Петровна принесла большой кувшин домашнего кваса, угостила всех отъезжающих, и лоцман подал команду:

— Давайте садиться, други, нечего время терять…

Я простился со всеми лесорубами, приветливо встретившими меня на этом отдаленном плотбище, и подошел к лодке. Андрей Иванович указал мне место в носовой части.

— Когда я буду подавать команду, вы помогайте Ваньке, — сказал он мне.

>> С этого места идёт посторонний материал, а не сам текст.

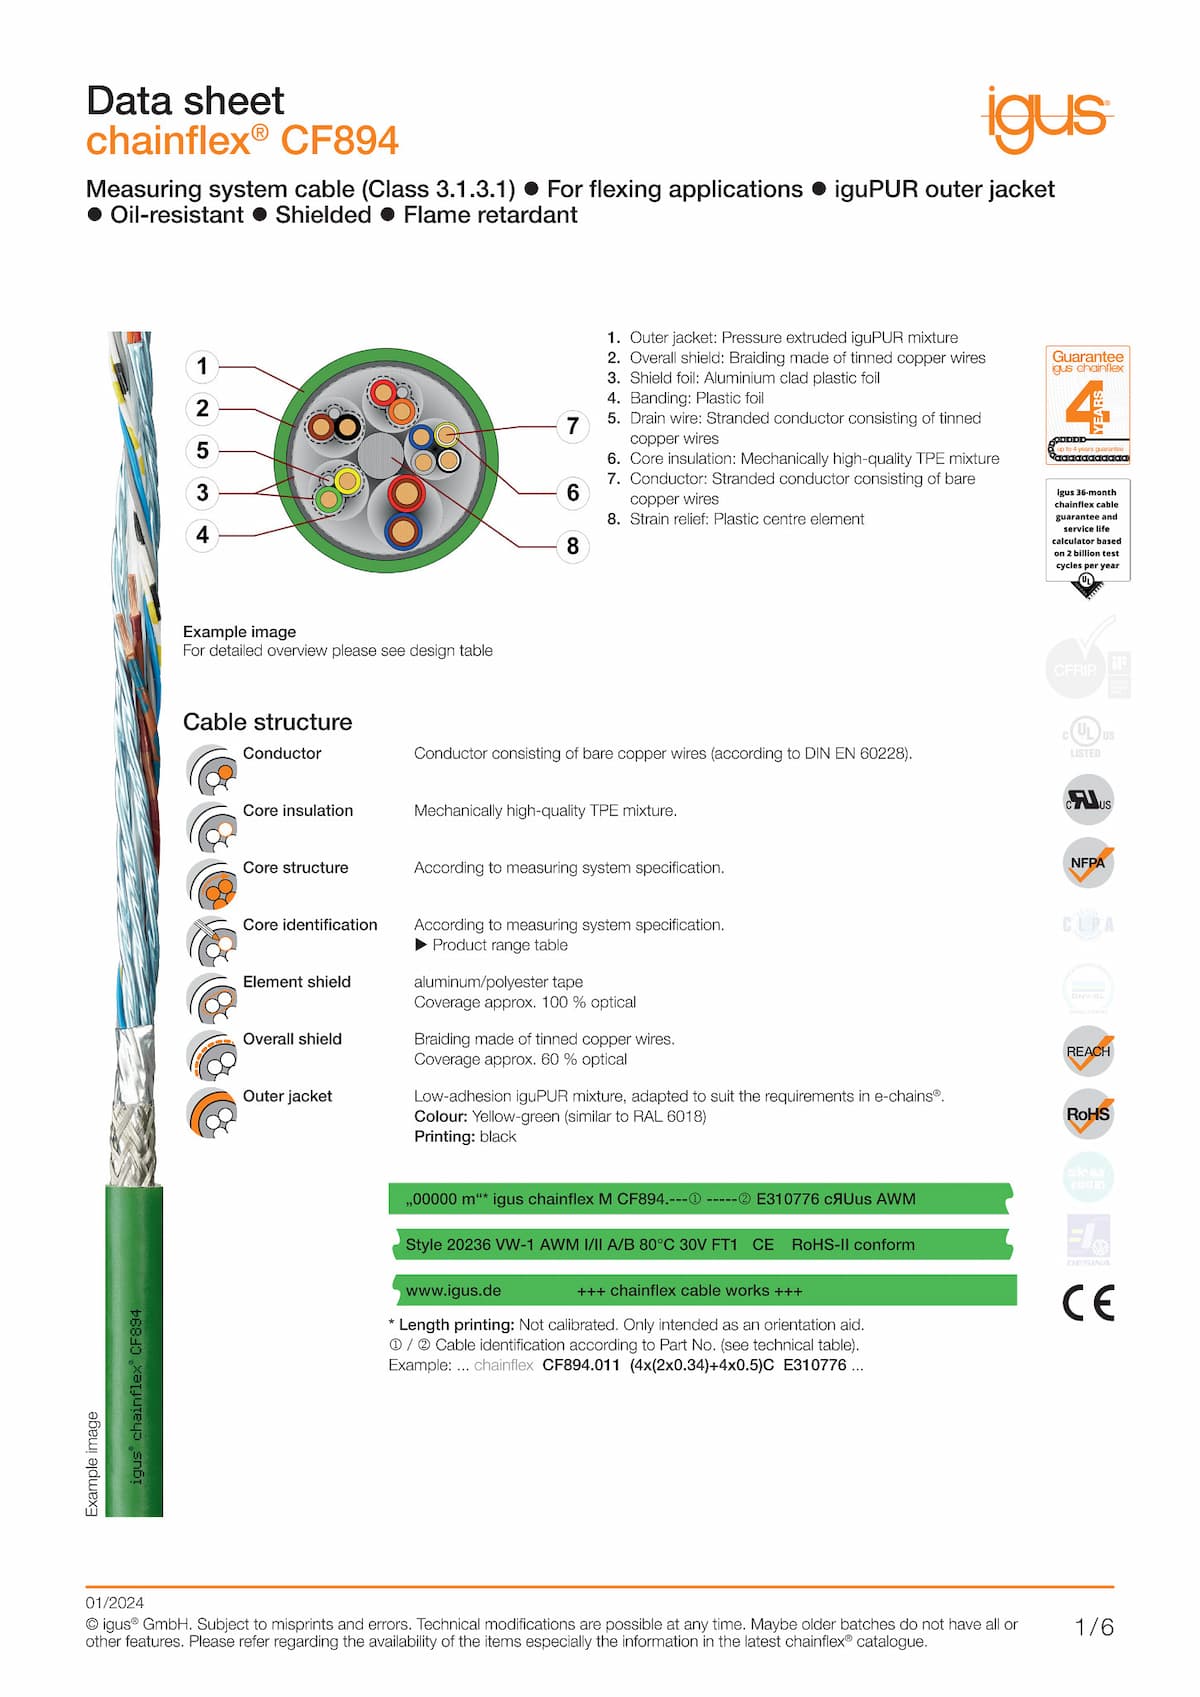 Technical data sheet chainflex® measuring system cable CF894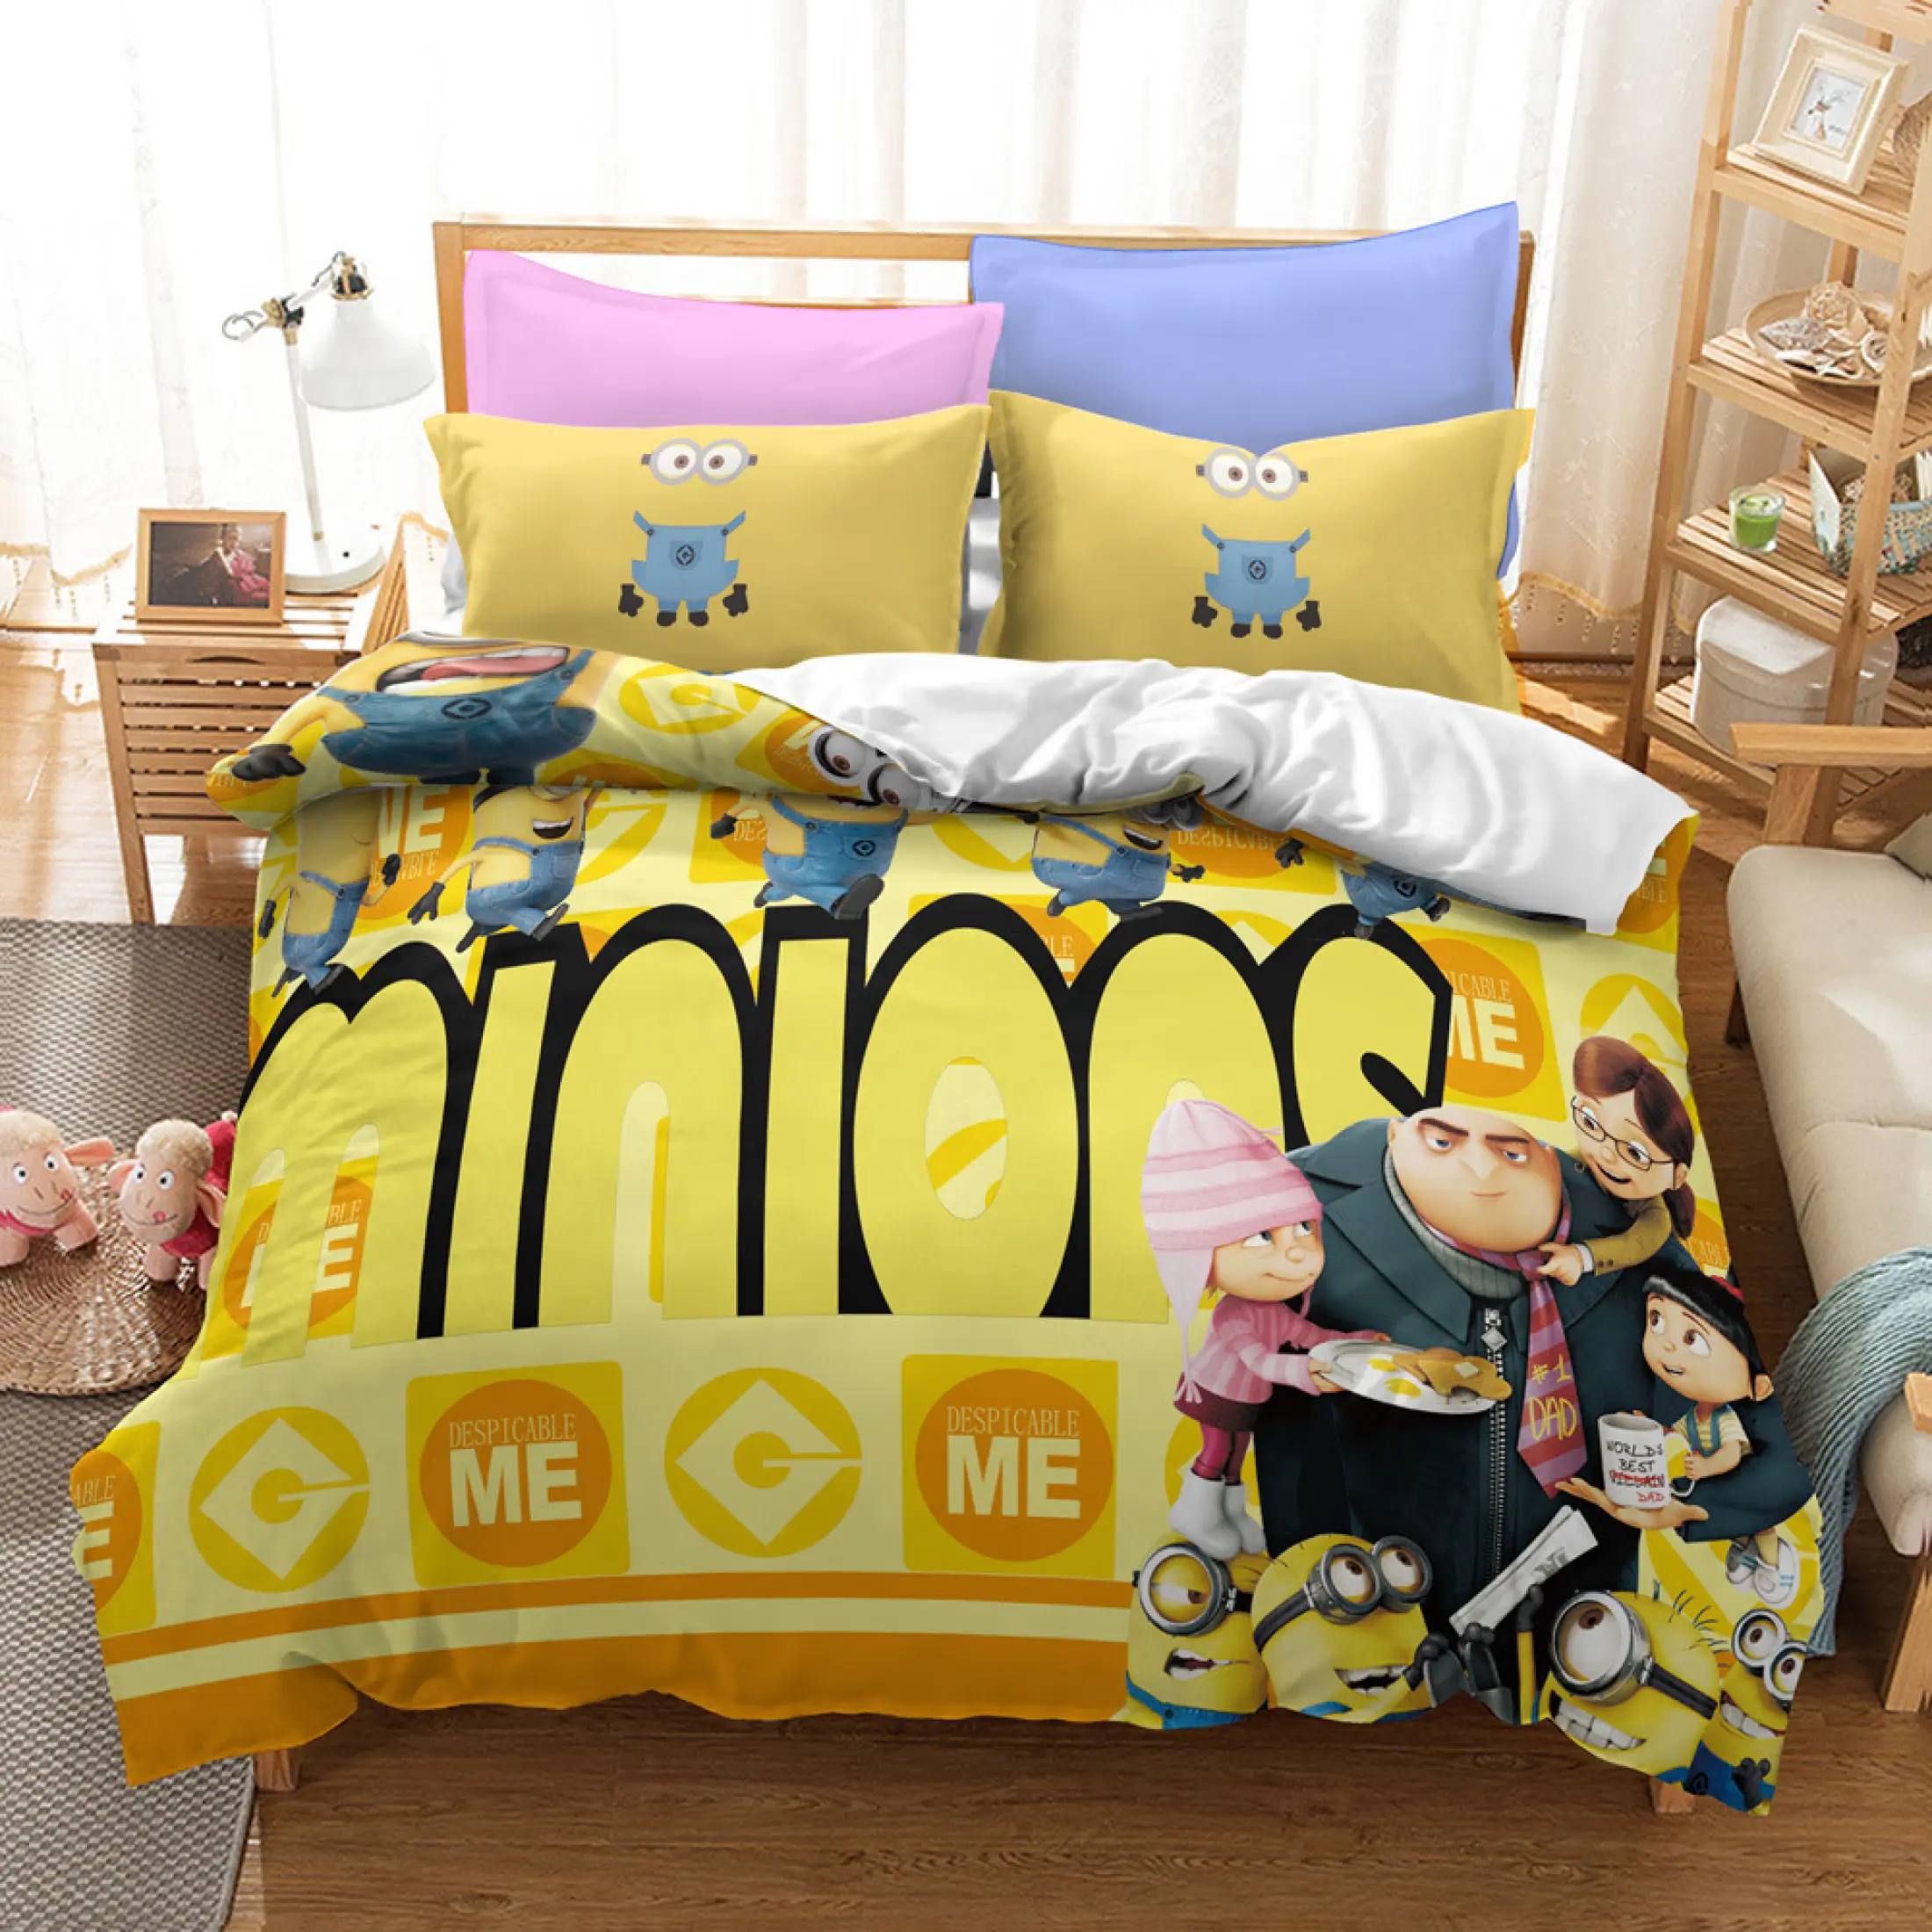 Gifts Bedclothes Bed Linens Bedding Set, King Size Despicable Me Bedding

Как помогать и чем — я не знал. Впереди меня, за единственным гребным веслом, перебрасываемым то на правый, то на левый борт, сидел дюжий рыжеватый рябой Ванька. Оспа так изуродовала его лицо, столько наделала ямок, что оно было страшно; рыжеватые волосы росли пучками, отчего лицо казалось пестрым. Только силой не обидела его природа: она чувствовалась в его широкой груди, в крепких руках, покрытых золотистым волосом, в каждой хватке.

Борис Павлович оттолкнул нашу лодку и крикнул:

— Встретите плотовщиков, гоните их…

Лодка развернулась и пошла по течению, а когда я оглянулся — плотбище было уже далеко.

Мы катились, как под гору.

Река стремительно несла нашу лодку, и не было возможности задержать взгляд на каком-нибудь отдельном предмете.

Казалось, что ты сидишь в кино и смотришь быстро меняющиеся картины богатого и великолепного по красоте уголка родной земли.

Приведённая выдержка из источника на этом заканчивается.